There's really only one issue on which I can find fault, and that's if you pick up on the thrust of the narrative, then the going-ons in the final chapters can broadcast themselves in advance just a little. In part this seems due to familiarity (being historical fiction) but also because even if not overly didactic about it, it seems clear the book has a mission. The end flows naturally from what goes before - almost obviously so.

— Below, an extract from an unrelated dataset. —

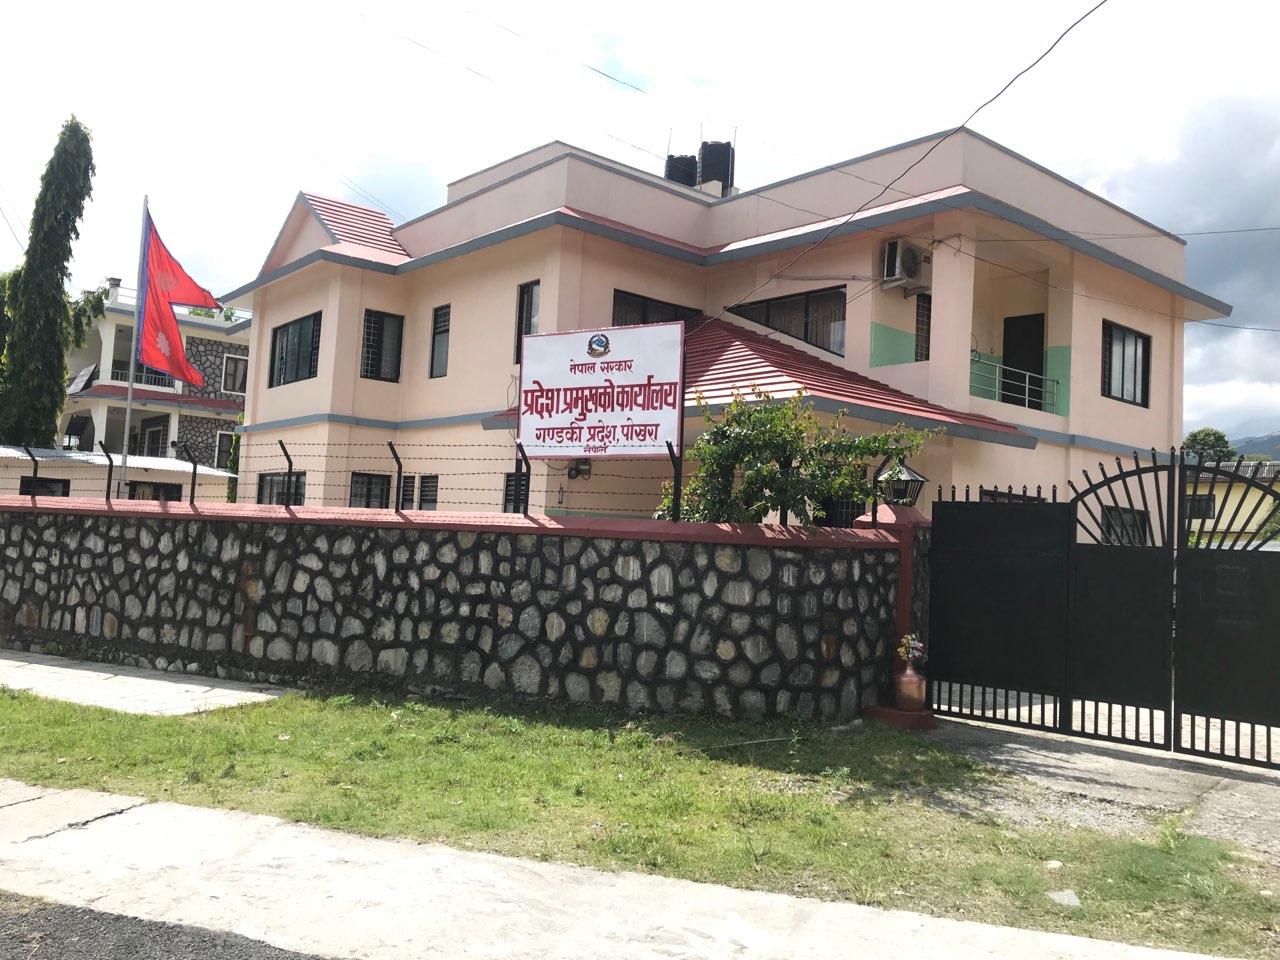 गण्डकी प्रदेश प्रमुखको कार्यालय पोखरा

Mind you, I note this perceived fault mostly out of a need for due diligence. I'm not so sure it's avoidable, nor not a product of the many merits of the text. Much less did this apparent flaw detract from my appreciation of said merits; these being many and sound.

This 'flaw' is just my focus on part of my own perspective, so even if you do accept my take on things there's still a lot more to the story - including several important divergences from the main events of the plot. You just can't be bored by this book.

It's essential reading, especially for us guys. So just lay back, open the book, and respect that Rachael knows what she's doing.